Los Angeles is a magic city of extreme duality. During my first week here I saw 33 white doves fly out of a car shaped like a spaceship on Sunset Avenue in front of a trendy hotel where a woman was paid to do things she would normally do at home in a glass cage behind the reception desk.

The sidewalk was lined with autograph hounds with their backs to the doves, waiting to yell at Chloe Sevigny as she got into a taxi. Walking to a museum downtown one day I took a turn and found myself in Skid Row where the streets were packed with hundreds people living in boxes and tents, I turned another corner and entered an entire neighborhood of flower shops.

I climbed a mountain and swam in the ocean in the same day and saw a coyote outside the grocery store. L.A. often feels surreal because it's the best and worst of America all at once and in grotesque abundance. It's the Manson family swimming at the Beach Boys’ pool. What better place to come to be inspired.

While writing lyrics and the initial song ideas for what would become Floating Features I spent a year going back and forth between the city of L.A. and the quiet, wild beauty of the Gold Country in Northern California.

When I listen to the album now I can feel the heat of the constant sun and smell the juniper of the country air, but there’s also something sinister going on. L.A. is a city of hills so it’s easy to stumble upon insane panoramic views of the city sprawl, always filtered through a haze of smog like a dirty mirage, and like all big cities it’s full of great characters; talk show hosts, lowriding cruisers, alien worshipping cultists, instagram celebrities.

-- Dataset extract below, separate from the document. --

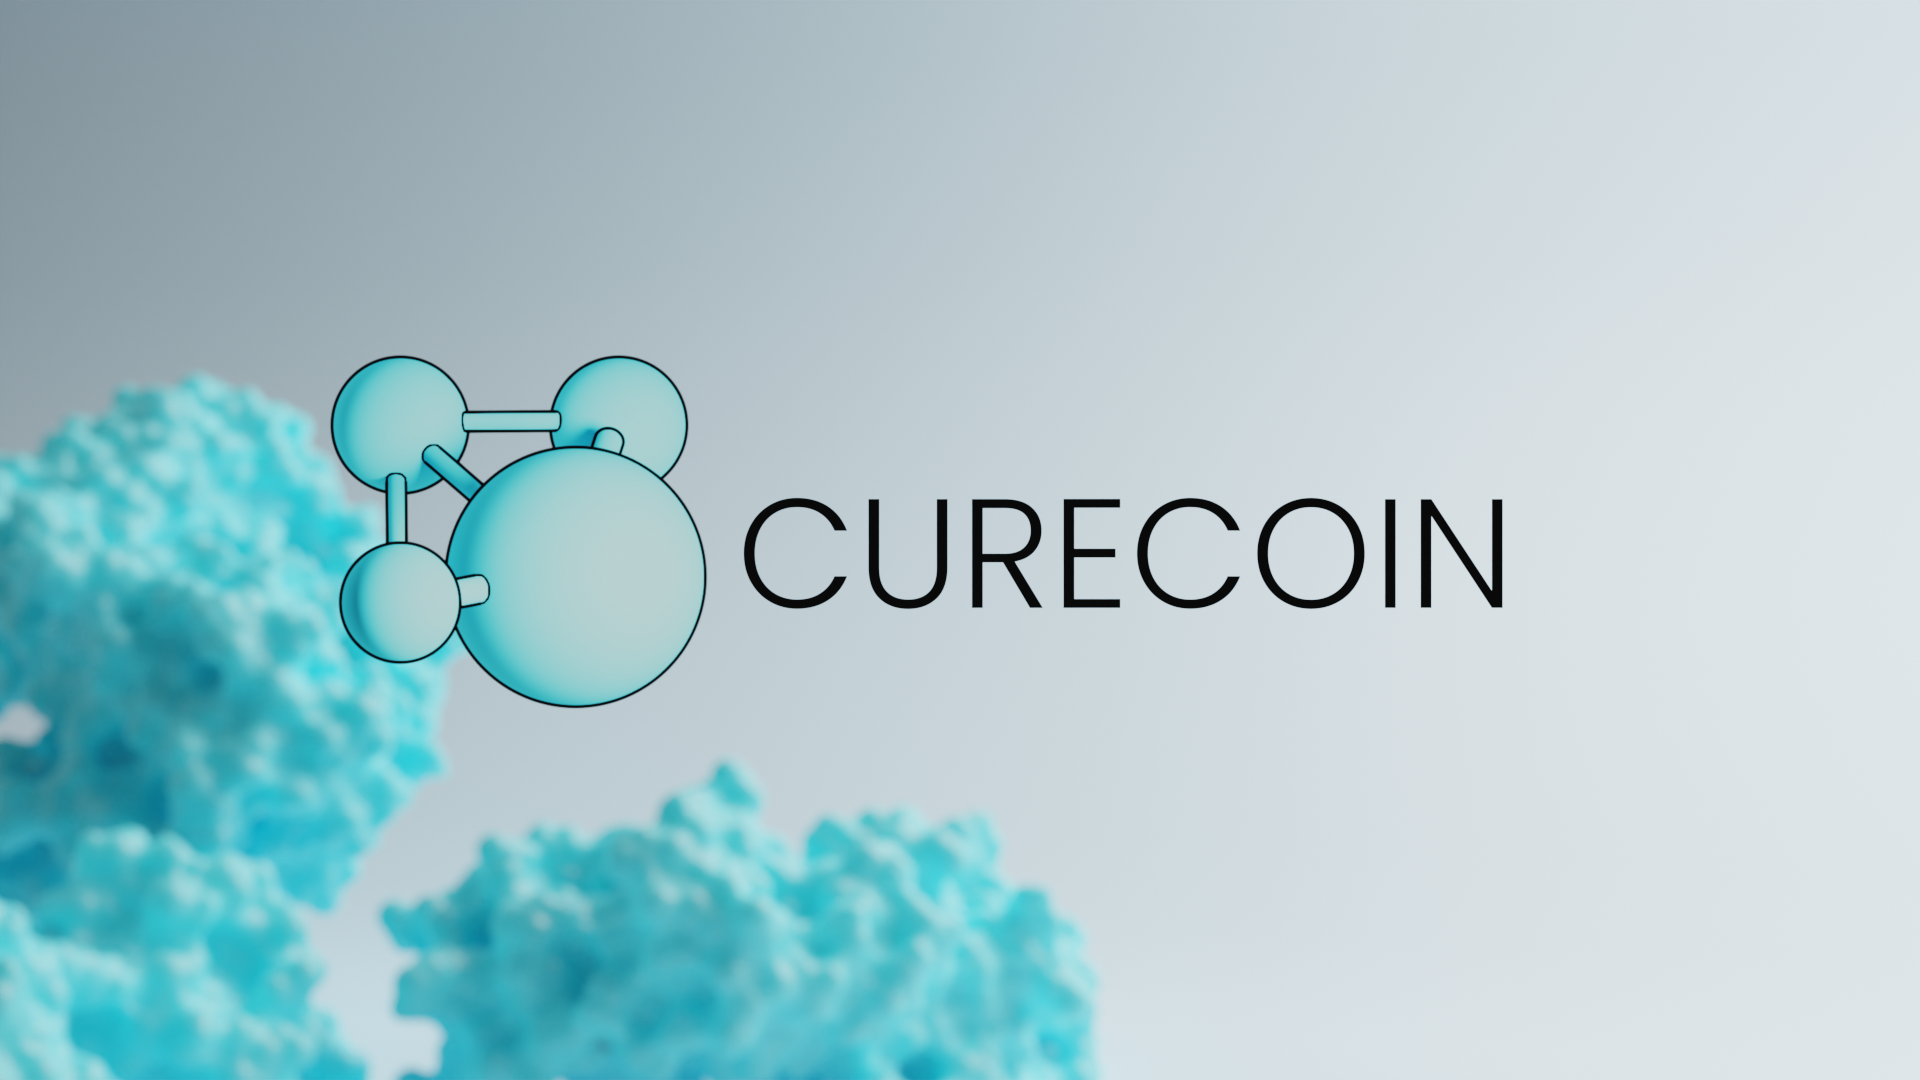 Curecoin Price Today - CURE to US dollar Live - Crypto | Coinranking

All of this makes it feel very dreamy, in the way that dreams can be hard to pin down. You might realize powers you didn’t know you had but you can’t move your legs all the sudden and your teeth are falling out.

The characters in Floating Features are chasing dreams through the California landscape, a distinctly American mirage that is always changing. Looking down at the city from above it’s hard to imagine I could ever really understand it, and that’s just how I like it.

La Luz's Floating Features is out now on Hardly Art.